Can bugs be there and not there at the same time? The analogy to Heisenberg's uncertainty principle admittedly falls a bit short; #Heisenbugs are more like bedbugs - you notice the symptoms, but it's hard to locate the actual bug. We're providing a formal framework for reasoning about causes of Heisenbugs, which hopefully will make this task easier in the future.

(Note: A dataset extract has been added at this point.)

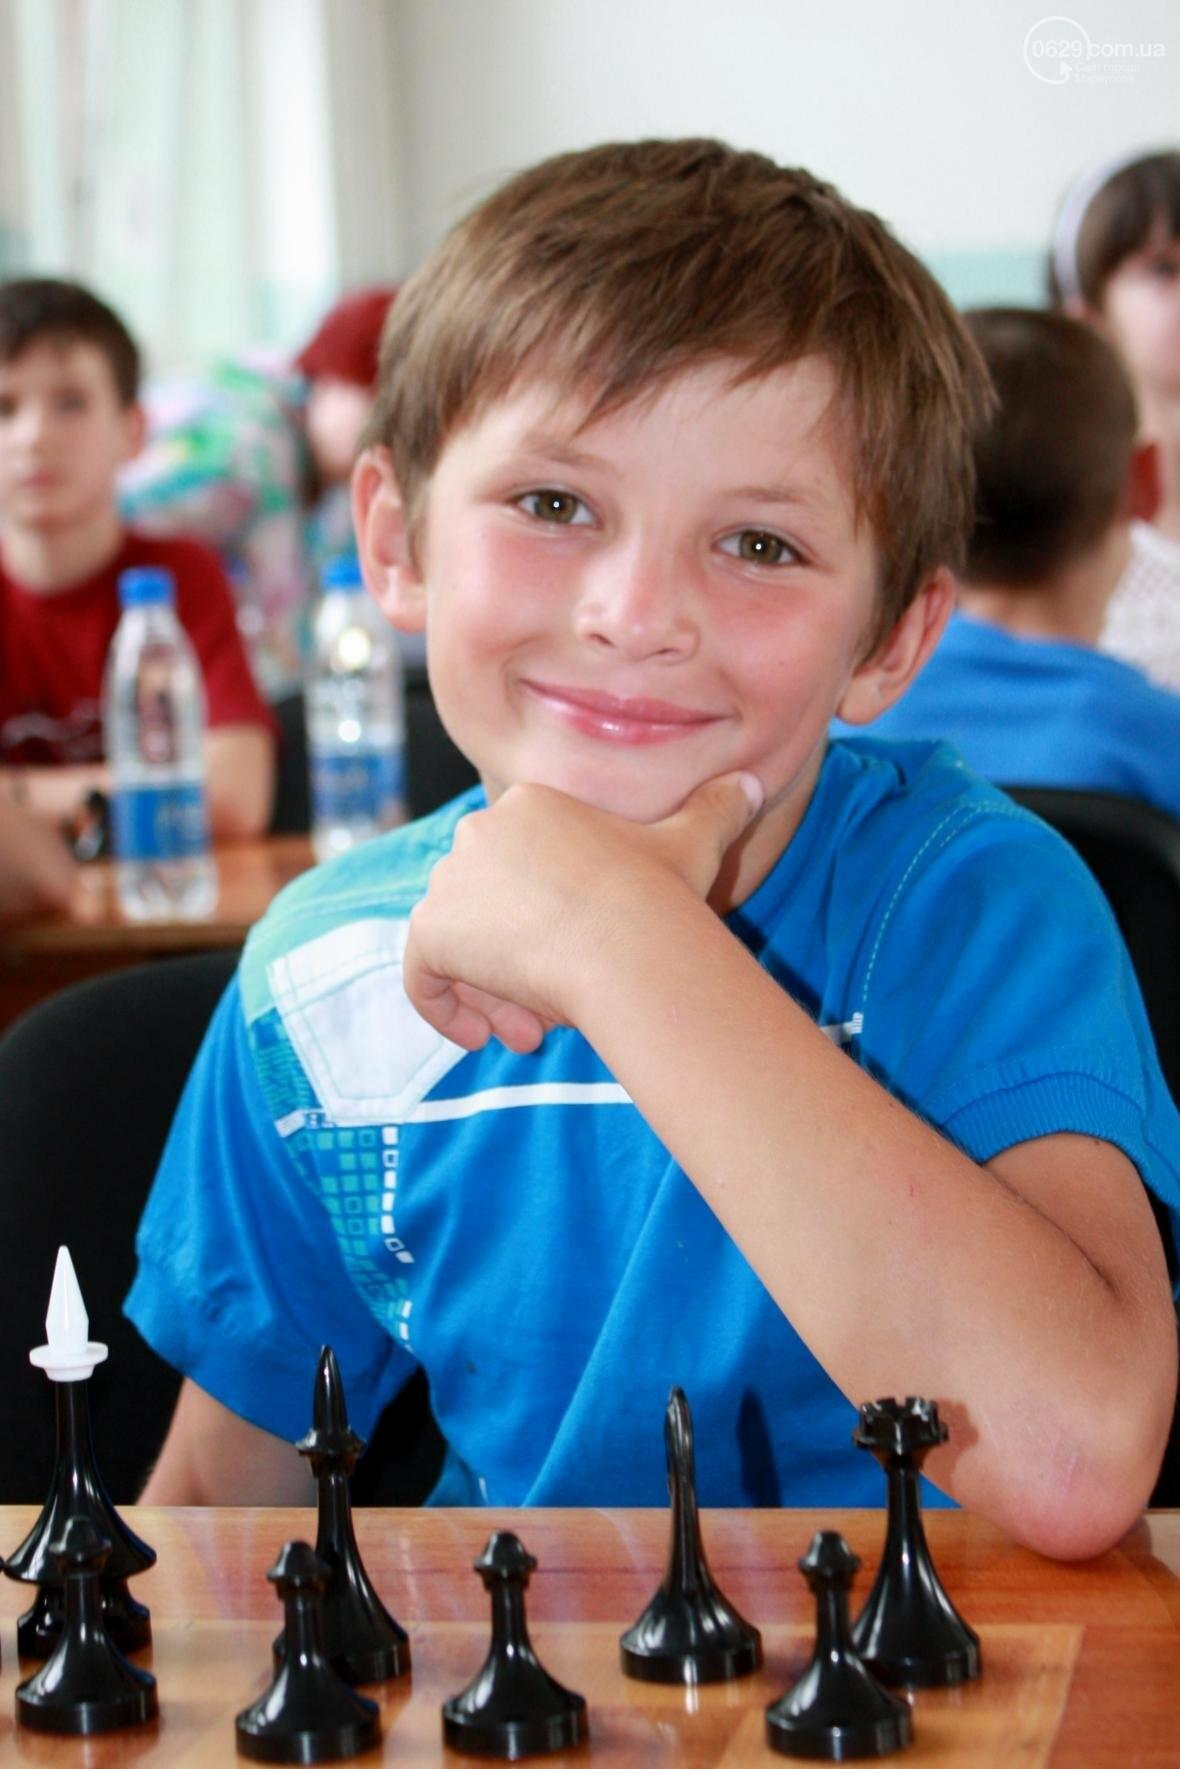 16-летний шахматист Леонид Данилов поедет на полуфинал чемпионата Украины по шахматам, фото-5

A formalization of Heisenbugs and their causes in terms of hyperproperties - Software and Systems Modeling
The already challenging task of identifying the cause of a bug becomes even more cumbersome if those bugs disappear or change their behavior under observation. Such bugs occur in a range of contexts including elusive concurrency bugs as well as unintended system alterations during debugging and—as a pun on the name of Werner Heisenberg—are often referred to as Heisenbugs. Heisenbugs can be caused by various sources of nondeterminism on different system levels, many of which developers and testers might not even be aware of. This paper provides formal foundations for rigorously reasoning about causes of Heisenbugs. It provides a formal definition of Heisenbugs in terms of a hyperproperty and introduces a framework for determining the causality of Heisenbugs in presence of multiple candidate causes based on said hyperproperty. We analyze the properties of causes and the implications on practical causal analyses. We provide two small case studies and a taxonomy of potential causes of Heisenbugs.